All formulations tested contained a combination of base oil and additives, with the base oil in each case being GTL 4.

"base oil 1" is a Fischer-Tropsch derived base oil ("GTL 4") having a kinematic viscosity at 100 ℃ (ASTM D445) of about 4cSt (mm)²s^-1). Such base oils may conveniently be manufactured by A process such as that described in WO-A-02/070631 (the teachings of which are incorporated herein by reference).

"additive A" is a dispersant, Infineum C9280, which is commercially available from Runkin Union (Infineum).

"additive B" is an aminic antioxidant, Infineum C9452, commercially available from the RunYing Union.

"additive C" is a molybdenum-based friction modifier, Infineum C9455, commercially available from the Union Runking.

The compositions of examples 1 to 3 and comparative examples 1 and 2 were obtained by mixing the base oil with the additives (if present) using conventional lubricant blending procedures. The results of the NOACK volatility test by ASTM D5800B are shown in table 2.

TABLE 2

Discussion of the related Art

As can be appreciated from table 2, the NOACK volatility values for examples 1-3 containing the volatility reducing additive were significantly lower than for comparative examples 1 and 2, which did not contain the volatility reducing additive. These results are particularly surprising because each additive included in the formulations shown in examples 1-3 comprises a concentrate in which the additive has been diluted in a base oil, with a NOACK volatility of greater than 12.5% as measured by ASTM D5800B, and thus it is expected that adding the additive in examples 1-3 will increase the NOACK volatility rather than decrease it.
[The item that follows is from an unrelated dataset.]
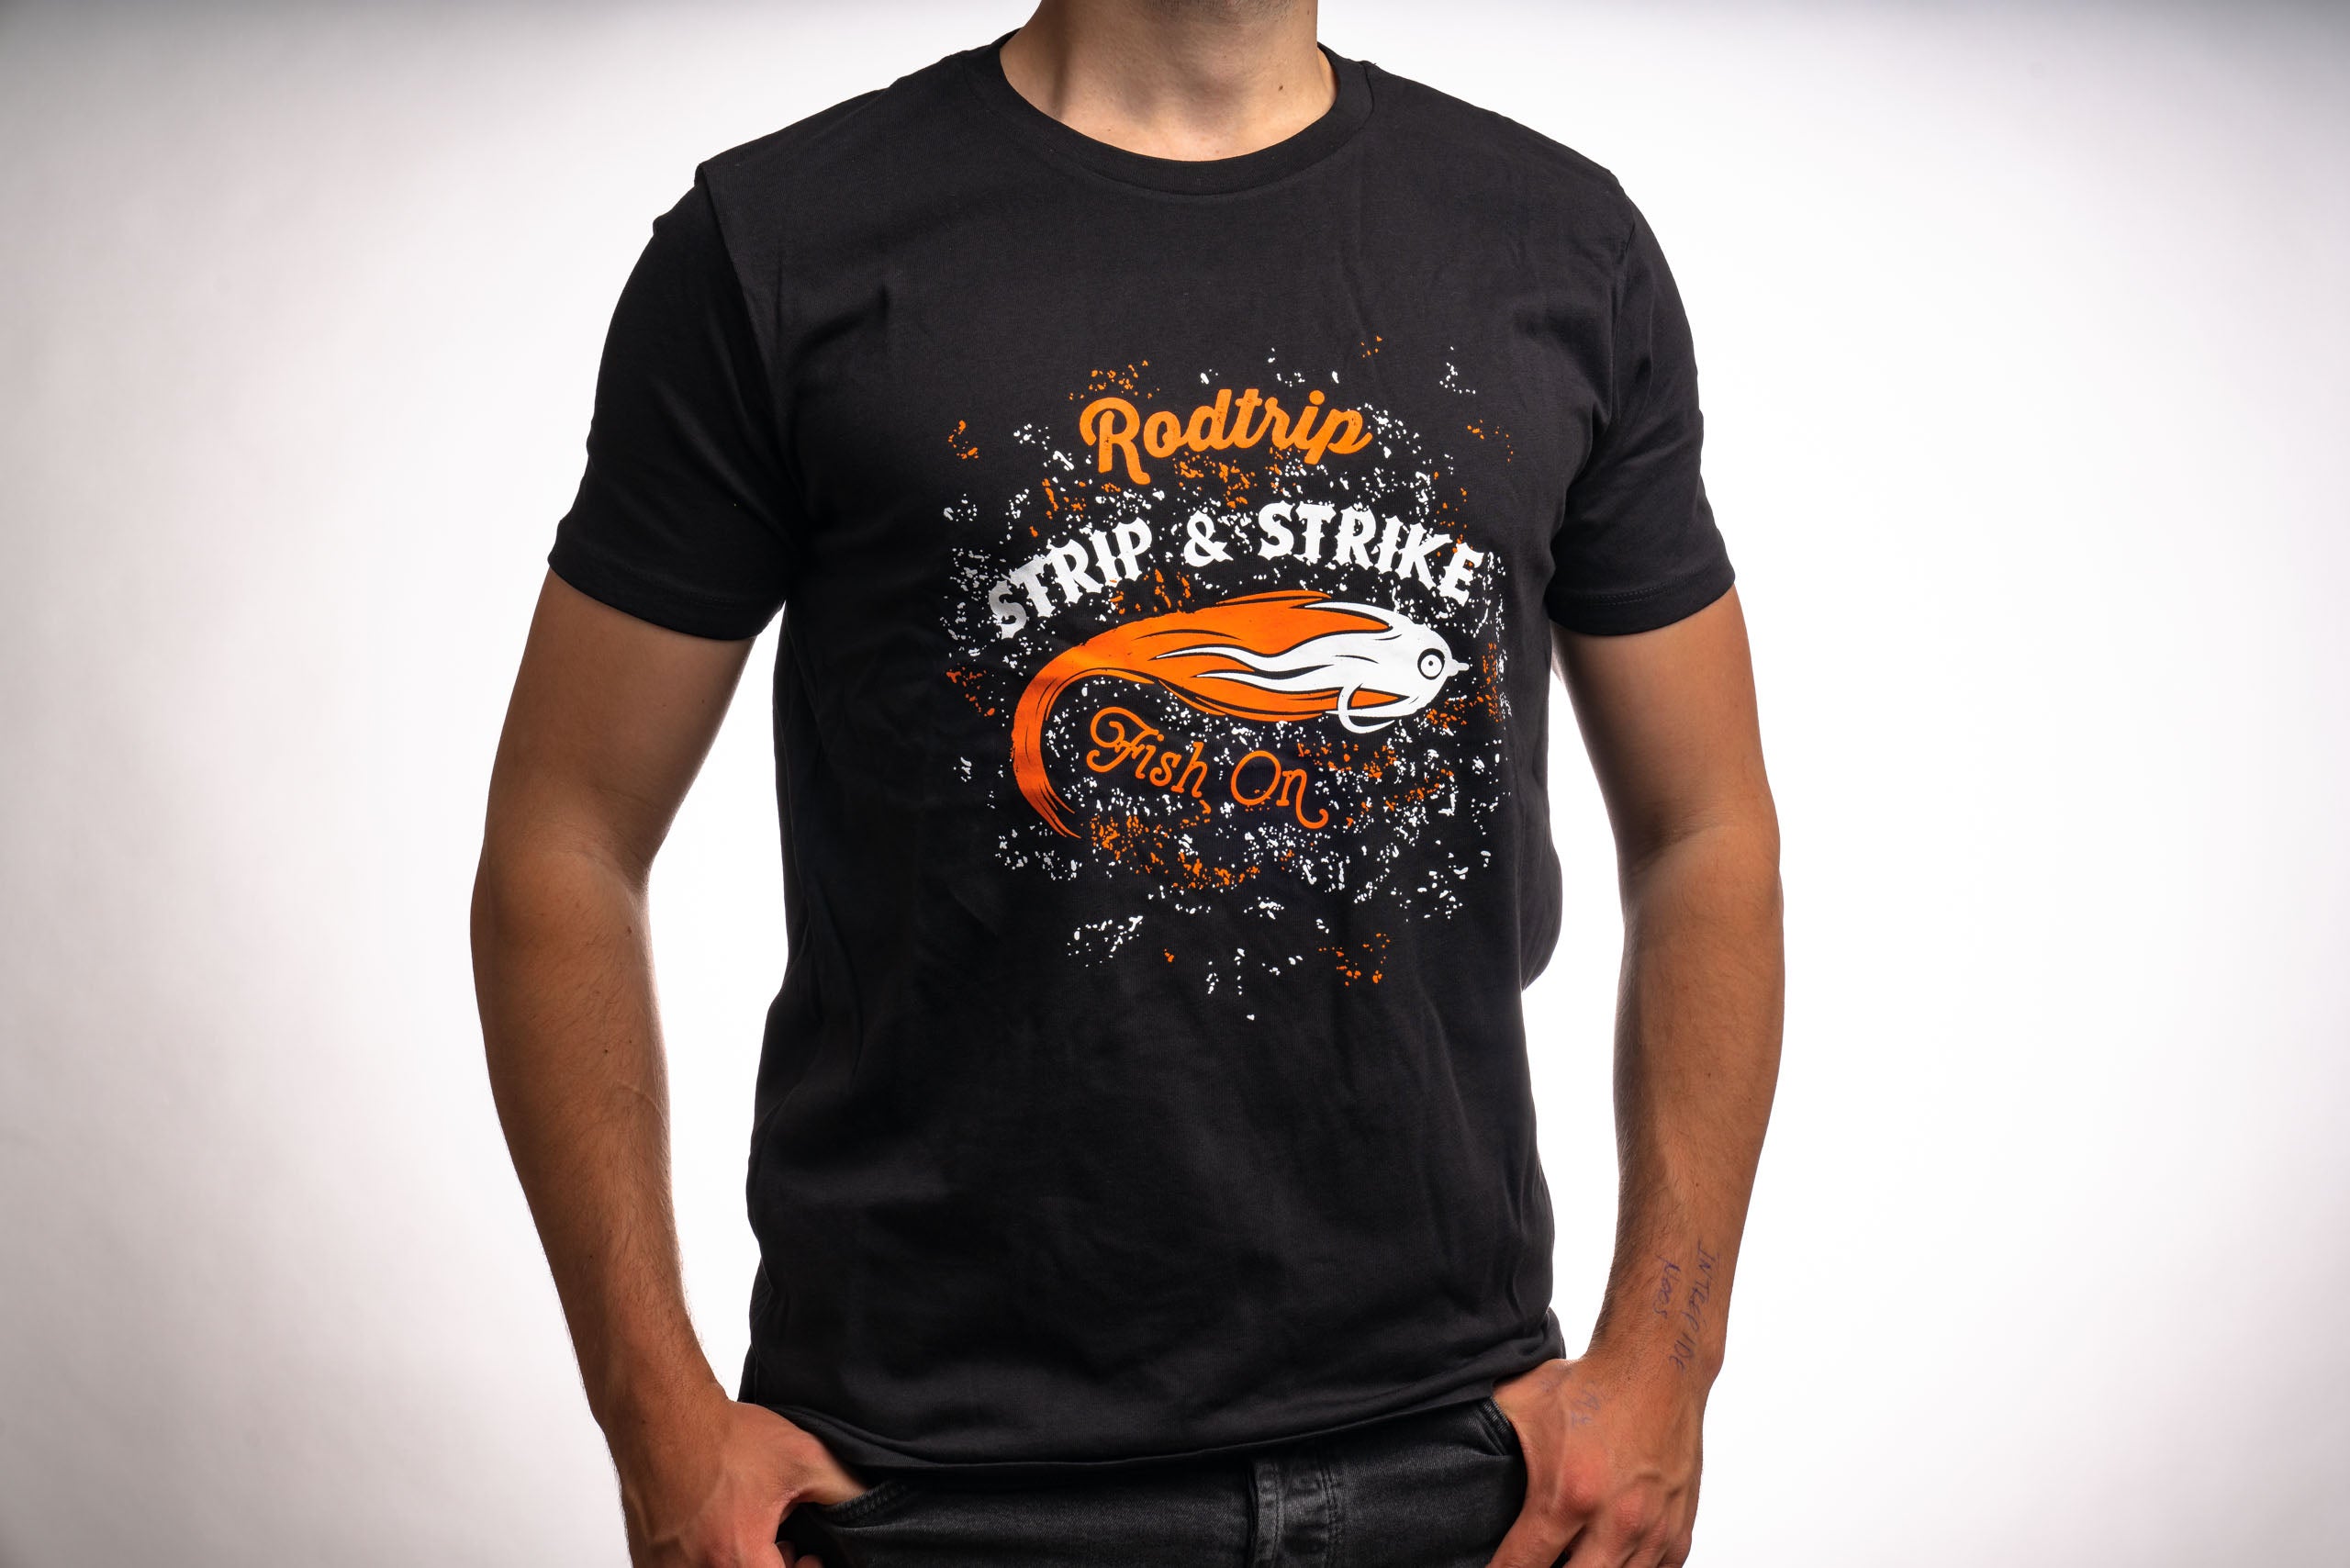 T-shirt strip & strike noir

An important benefit of the present invention is that for future low viscosity engine oils, such as 0W-16 (according to SAE J300 engine oil viscosity rating Table) and lower viscosities (0W-12, 0W-8, etc.), stringent NOACK volatility can be met with little or no need to use (relatively expensive) Polyalphaolefin (PAO) base oils.

In view of these findings, it is expected that many other chemicals may provide similar benefits in reducing NOACK volatility, such as known lubricant additive chemicals (antiwear agents, antioxidants, viscosity index improvers, friction modifiers, detergents, dispersants, pour point depressants, etc.) and any other chemical species that strongly interacts with the oil-air interface to reduce evaporation rates, including but not limited to surfactants, functionalized polymers, ionic liquids, nanoparticles, and the like.

Claims

1. Use of a volatility reducing additive for reducing NOACK volatility of a lubricating composition comprising a base oil, wherein the base oil comprises 80% or more, by weight of the base oil, of one or more fischer-tropsch derived base oils; and is

Wherein the composition has a kinematic viscosity (according to ASTM D445) at 100 ℃ of 16.3mm²(ii) a ratio of the total of the carbon atoms in the carbon atoms to the carbon atoms in the carbon atoms,a low temperature crank viscosity of at most 6200cP at-35 ℃ (ASTM D5293), and a NOACK volatility of at most 15% according to ASTM D5800B, and wherein the volatility reducing additive is selected from the group consisting of molybdenum-based friction modifiers, amine-based antioxidants, and combinations thereof.

2. Use according to claim 1, wherein the composition has a NOACK volatility of at most 12.5% according to ASTM D5800B.